Originally Posted By: Trav
New engine measurements and wear limits from Honda FSM. Over 200K km all lubricated parts within new specs using Starrett micrometers (digital and analog).
This engine was owned by me from 0km brand new in crate motorcycle for over 12 years, run on one brand and weight oil except for the break in and Honda oil filters with the exception of a few aftermarket filters when OE was not available.
Engine was totally disassembled for a stretched cam chain, cylinder and pistons removed and cases split. The engine routinely saw 12,000 rpm and high sustained speeds.
What experts? I have SAE access. No dispute oil with few particles will result in less wear but the question is where do the particles come from?
How do you know the filters you used on that engine weren't pretty high efficiency? Any specified efficiency rating given for them?
Just because all the parts were still in FSM specs doesn't mean there wasn't some wear.
The most basic way to determine if a better filter would have made a difference in wear would to measure the wear rate in two separate engines with all conditions the same except for the filter. Tear each engine down and measure to 0.0001" accuracy, run the engines under the same exact conditions using yhe dame oil and maintenance schedule, then tear down and measure again to compare. Need a delta from the new measurements baseline. Just measuring and comparing to the wear-out spec range in the FSM doesn't actually tell you how much wear there was compared to the new engine baseline measurements. Way more sophisticated methods of measuring engine wear are discussed in SAE papers.

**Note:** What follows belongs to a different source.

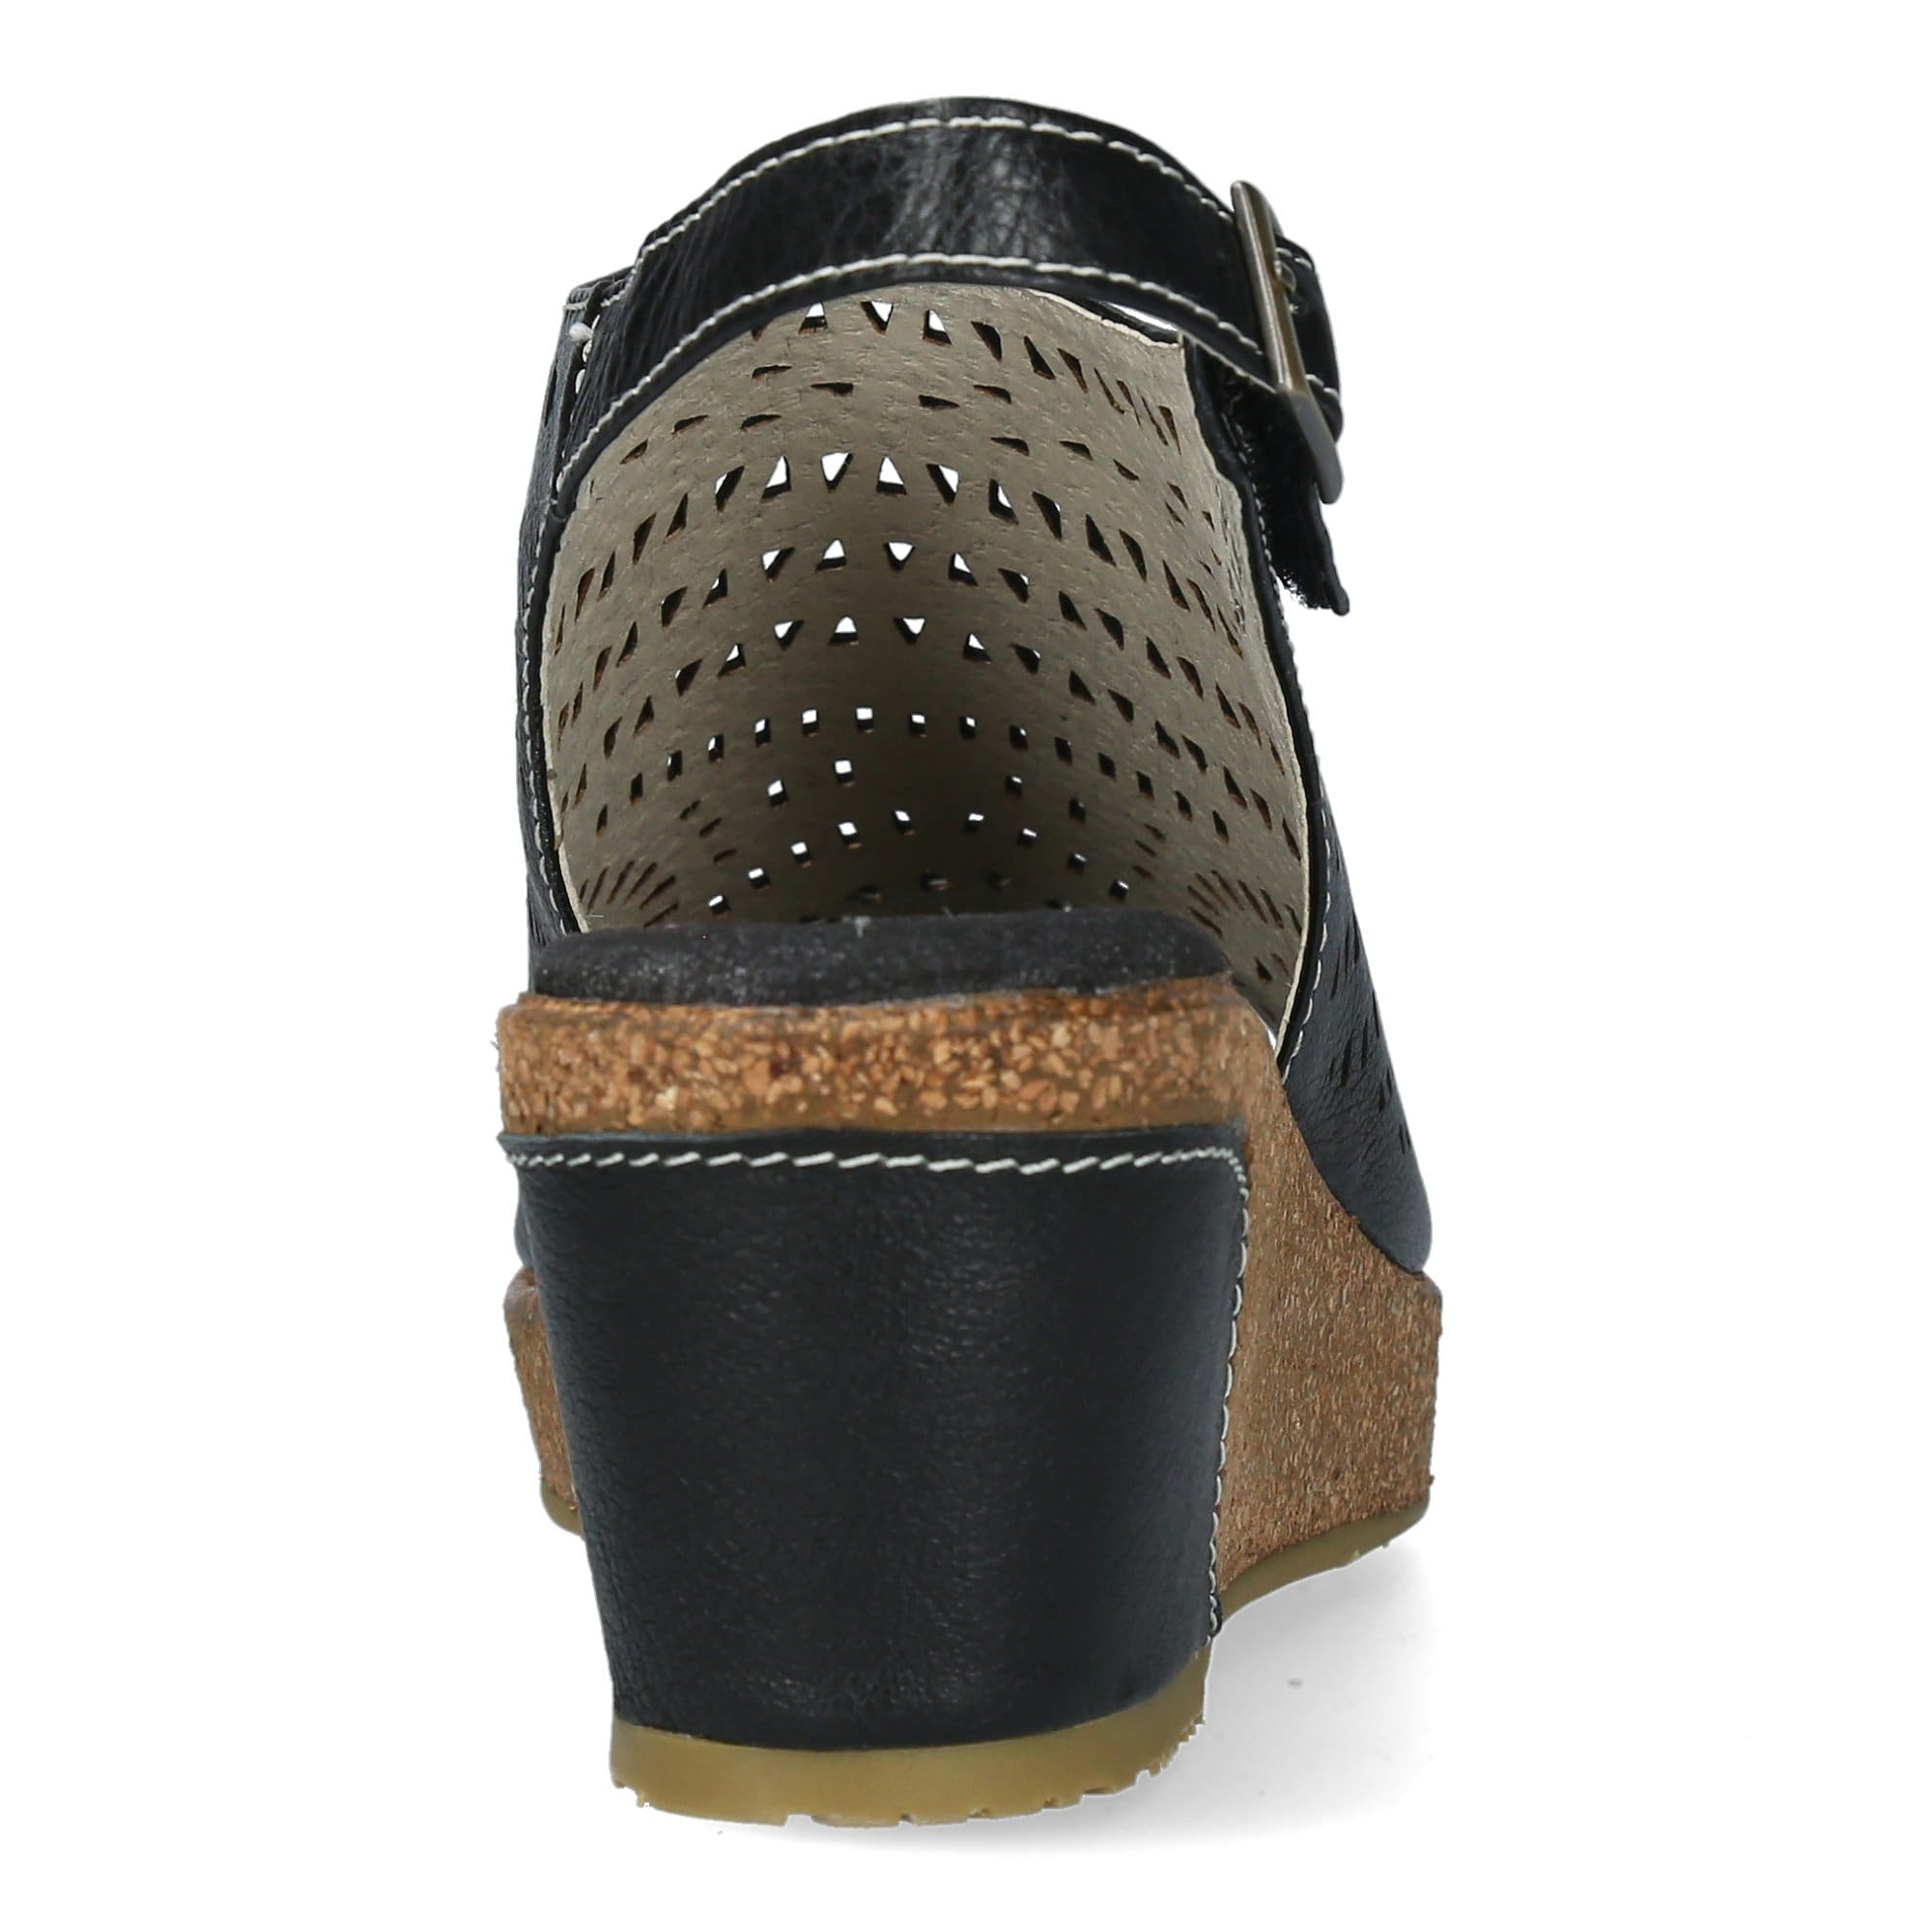 HACLEO 10 skor - Sandal
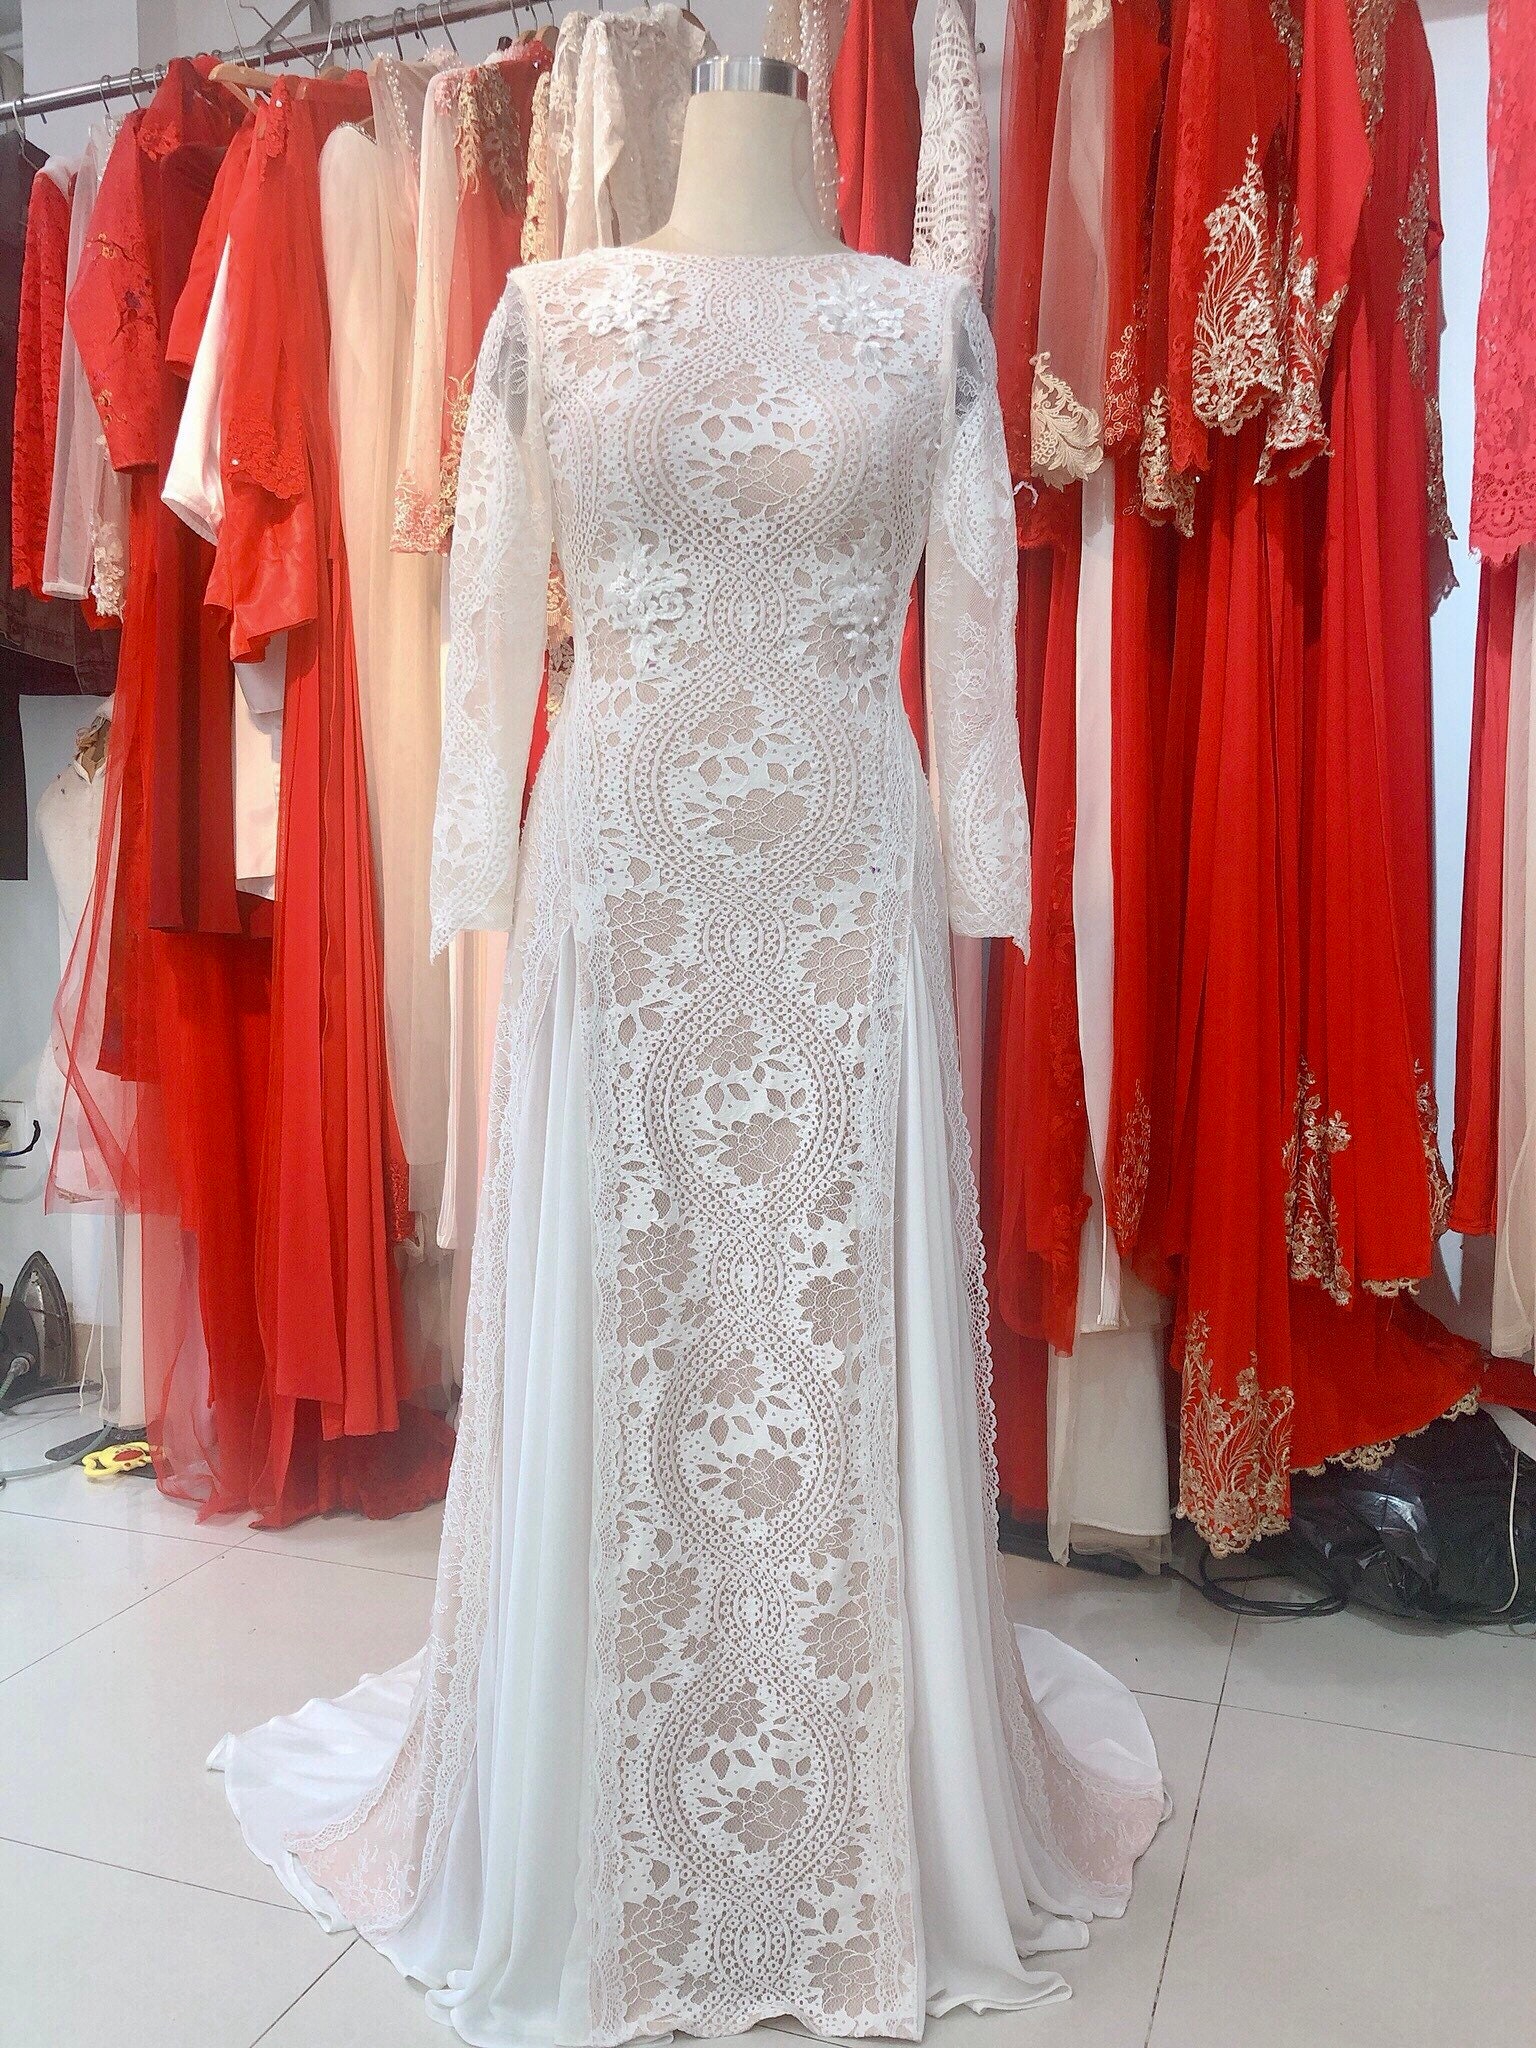 Gorgeous Vintage Boho Ivory Lace Wedding Dress Made to Order | Etsy

And yes, I agree that a bad air filter can really cause high wear rates, especially on valves, rings and cylinder walls. Engines with a good air filter still produce debris from combustion blow-by and from start-up wear, and from being ran when the oil film thickness breaks down for some reason and causes metal to metal contact wear. No oil prevents 100% separation of heavily loaded moving parts a 100% of the time.